Entries taken from a collection
+ + + + +
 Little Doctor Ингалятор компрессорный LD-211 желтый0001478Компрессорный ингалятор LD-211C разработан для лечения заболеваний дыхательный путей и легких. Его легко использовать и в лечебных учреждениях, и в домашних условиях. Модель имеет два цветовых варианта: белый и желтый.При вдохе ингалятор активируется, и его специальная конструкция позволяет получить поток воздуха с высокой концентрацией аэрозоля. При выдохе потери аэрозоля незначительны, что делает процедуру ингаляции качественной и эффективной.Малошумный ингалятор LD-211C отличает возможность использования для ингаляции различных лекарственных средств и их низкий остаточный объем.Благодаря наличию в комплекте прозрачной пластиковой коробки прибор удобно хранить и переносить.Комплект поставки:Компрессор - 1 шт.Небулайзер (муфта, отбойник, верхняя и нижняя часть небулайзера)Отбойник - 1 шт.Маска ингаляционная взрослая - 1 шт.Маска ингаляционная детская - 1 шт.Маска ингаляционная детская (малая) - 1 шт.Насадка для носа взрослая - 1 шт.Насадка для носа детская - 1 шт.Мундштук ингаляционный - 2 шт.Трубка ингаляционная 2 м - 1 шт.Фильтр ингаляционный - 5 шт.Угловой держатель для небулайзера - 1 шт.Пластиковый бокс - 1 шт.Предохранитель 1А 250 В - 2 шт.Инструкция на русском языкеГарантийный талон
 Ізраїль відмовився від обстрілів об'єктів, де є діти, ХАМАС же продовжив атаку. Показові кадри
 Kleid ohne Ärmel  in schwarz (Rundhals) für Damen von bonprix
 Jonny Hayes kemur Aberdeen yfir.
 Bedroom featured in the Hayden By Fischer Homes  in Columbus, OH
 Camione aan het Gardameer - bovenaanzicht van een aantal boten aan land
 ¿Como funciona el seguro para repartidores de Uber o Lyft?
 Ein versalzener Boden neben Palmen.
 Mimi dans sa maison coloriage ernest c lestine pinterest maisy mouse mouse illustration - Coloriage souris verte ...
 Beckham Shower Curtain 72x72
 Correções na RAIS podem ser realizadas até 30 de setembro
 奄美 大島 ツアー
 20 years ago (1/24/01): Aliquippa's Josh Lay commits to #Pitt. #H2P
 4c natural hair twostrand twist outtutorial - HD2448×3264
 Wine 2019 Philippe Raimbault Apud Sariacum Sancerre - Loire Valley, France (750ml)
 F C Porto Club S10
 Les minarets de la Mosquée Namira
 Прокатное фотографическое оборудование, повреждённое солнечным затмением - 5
+ + + + +
WHAT THE TASK ASKS - Without leaving anything out, give the entries again exactly.

OUTPUT OF THE TASK -
 Little Doctor Ингалятор компрессорный LD-211 желтый0001478Компрессорный ингалятор LD-211C разработан для лечения заболеваний дыхательный путей и легких. Его легко использовать и в лечебных учреждениях, и в домашних условиях. Модель имеет два цветовых варианта: белый и желтый.При вдохе ингалятор активируется, и его специальная конструкция позволяет получить поток воздуха с высокой концентрацией аэрозоля. При выдохе потери аэрозоля незначительны, что делает процедуру ингаляции качественной и эффективной.Малошумный ингалятор LD-211C отличает возможность использования для ингаляции различных лекарственных средств и их низкий остаточный объем.Благодаря наличию в комплекте прозрачной пластиковой коробки прибор удобно хранить и переносить.Комплект поставки:Компрессор - 1 шт.Небулайзер (муфта, отбойник, верхняя и нижняя часть небулайзера)Отбойник - 1 шт.Маска ингаляционная взрослая - 1 шт.Маска ингаляционная детская - 1 шт.Маска ингаляционная детская (малая) - 1 шт.Насадка для носа взрослая - 1 шт.Насадка для носа детская - 1 шт.Мундштук ингаляционный - 2 шт.Трубка ингаляционная 2 м - 1 шт.Фильтр ингаляционный - 5 шт.Угловой держатель для небулайзера - 1 шт.Пластиковый бокс - 1 шт.Предохранитель 1А 250 В - 2 шт.Инструкция на русском языкеГарантийный талон
 Ізраїль відмовився від обстрілів об'єктів, де є діти, ХАМАС же продовжив атаку. Показові кадри
 Kleid ohne Ärmel  in schwarz (Rundhals) für Damen von bonprix
 Jonny Hayes kemur Aberdeen yfir.
 Bedroom featured in the Hayden By Fischer Homes  in Columbus, OH
 Camione aan het Gardameer - bovenaanzicht van een aantal boten aan land
 ¿Como funciona el seguro para repartidores de Uber o Lyft?
 Ein versalzener Boden neben Palmen.
 Mimi dans sa maison coloriage ernest c lestine pinterest maisy mouse mouse illustration - Coloriage souris verte ...
 Beckham Shower Curtain 72x72
 Correções na RAIS podem ser realizadas até 30 de setembro
 奄美 大島 ツアー
 20 years ago (1/24/01): Aliquippa's Josh Lay commits to #Pitt. #H2P
 4c natural hair twostrand twist outtutorial - HD2448×3264
 Wine 2019 Philippe Raimbault Apud Sariacum Sancerre - Loire Valley, France (750ml)
 F C Porto Club S10
 Les minarets de la Mosquée Namira
 Прокатное фотографическое оборудование, повреждённое солнечным затмением - 5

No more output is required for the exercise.